TASK DETAILS: Restate the full listing word for word; images stay out of it.

** Opening DATA EXCERPT block **

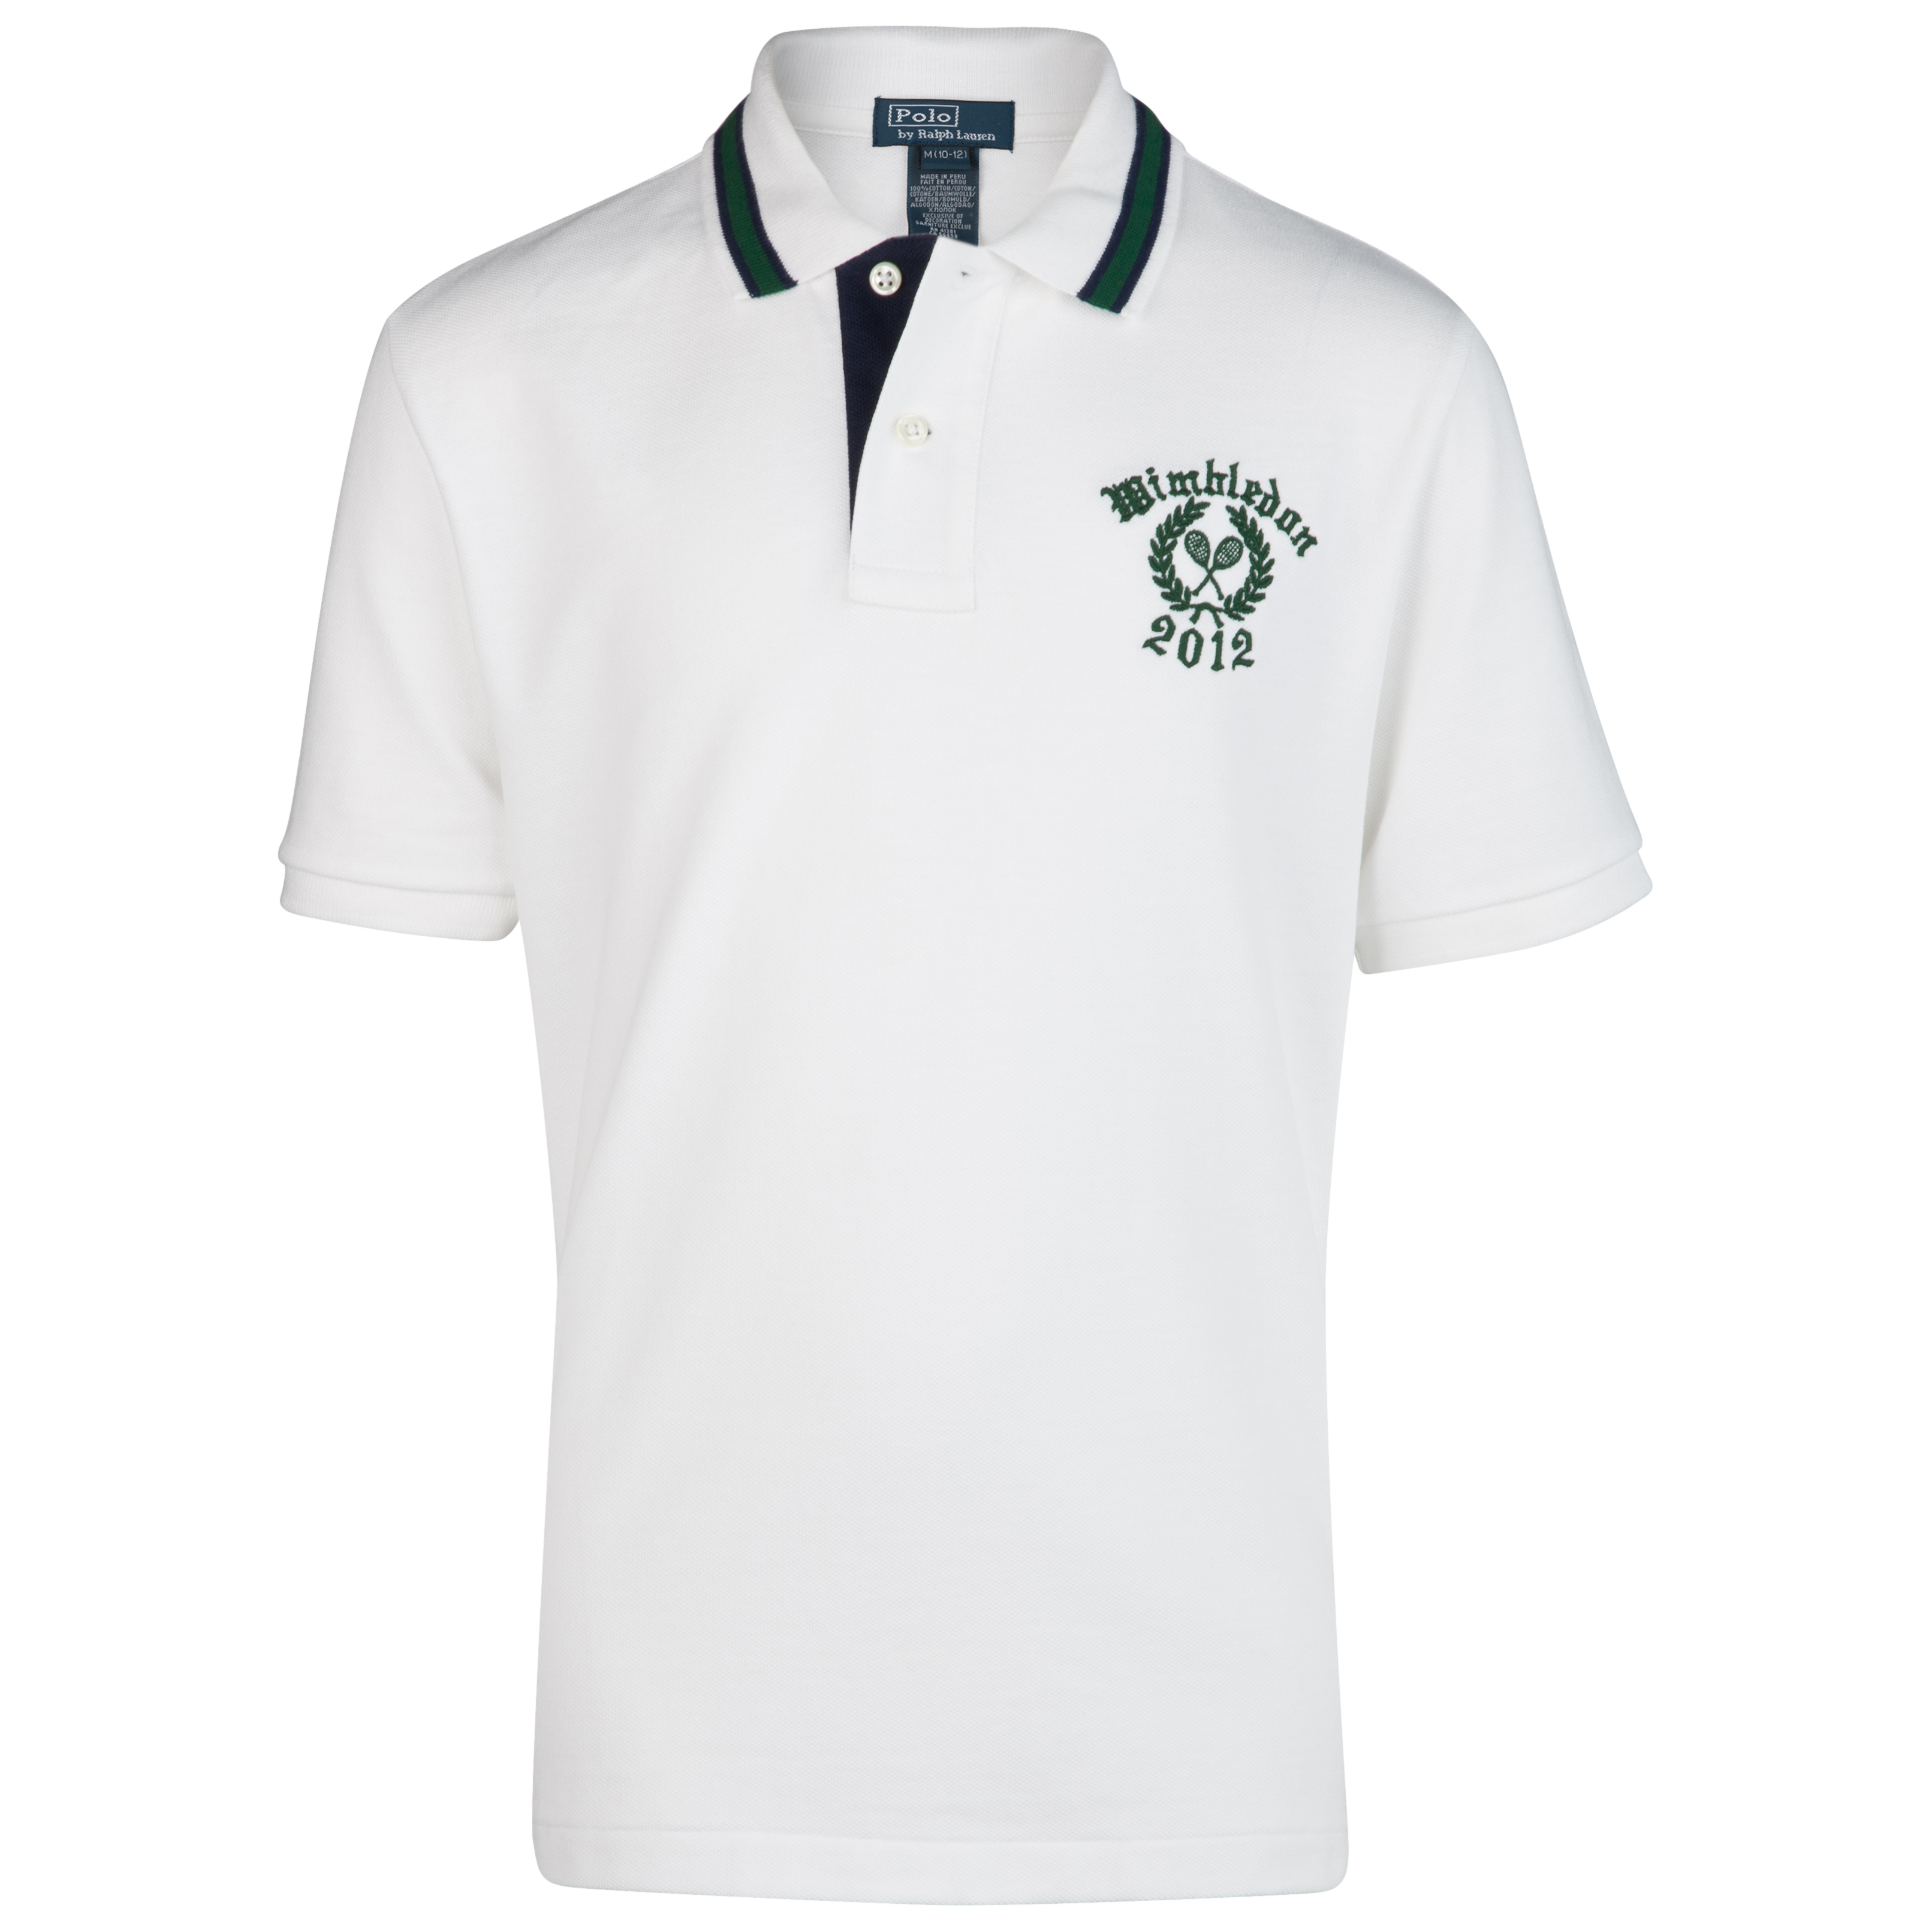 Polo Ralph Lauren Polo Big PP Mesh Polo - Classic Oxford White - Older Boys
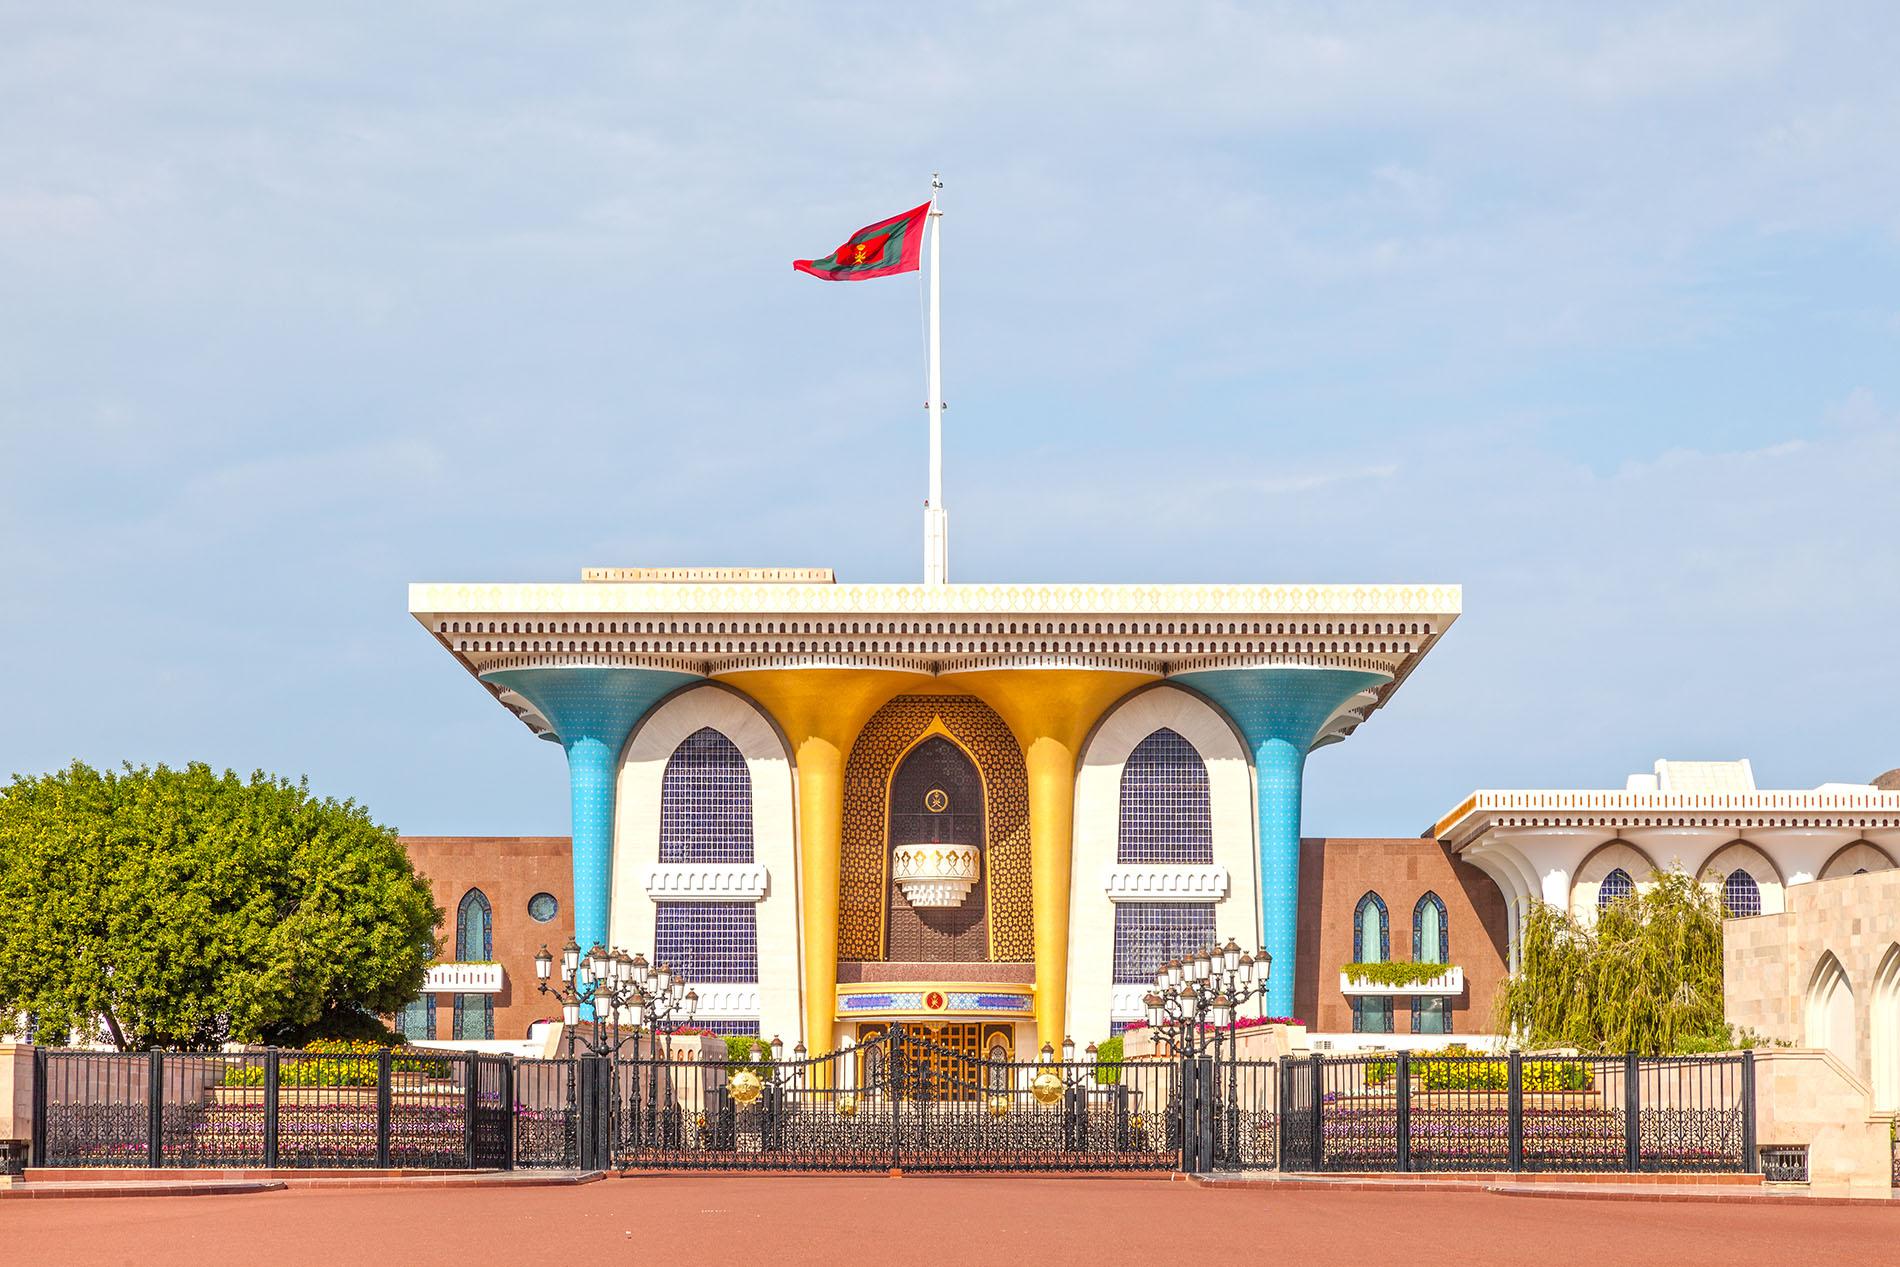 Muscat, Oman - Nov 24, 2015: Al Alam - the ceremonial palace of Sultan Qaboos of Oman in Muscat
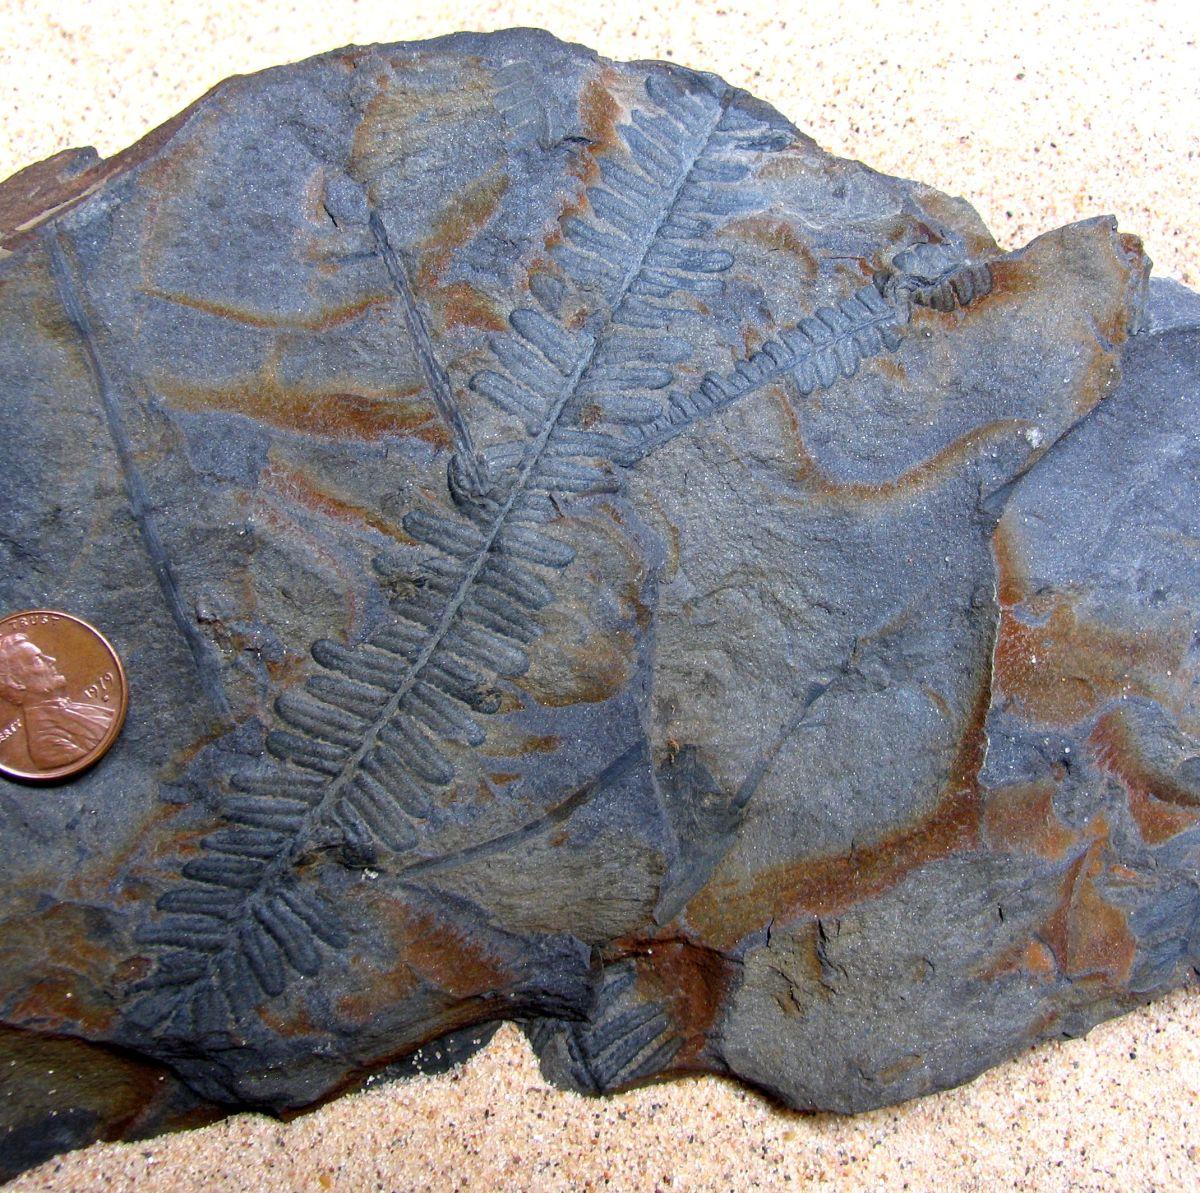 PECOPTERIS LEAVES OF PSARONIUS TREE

** Closing DATA EXCERPT block **

PROBLEM SOLUTION:
 Polo Ralph Lauren Polo Big PP Mesh Polo - Classic Oxford White - Older Boys
 Muscat, Oman - Nov 24, 2015: Al Alam - the ceremonial palace of Sultan Qaboos of Oman in Muscat
 PECOPTERIS LEAVES OF PSARONIUS TREE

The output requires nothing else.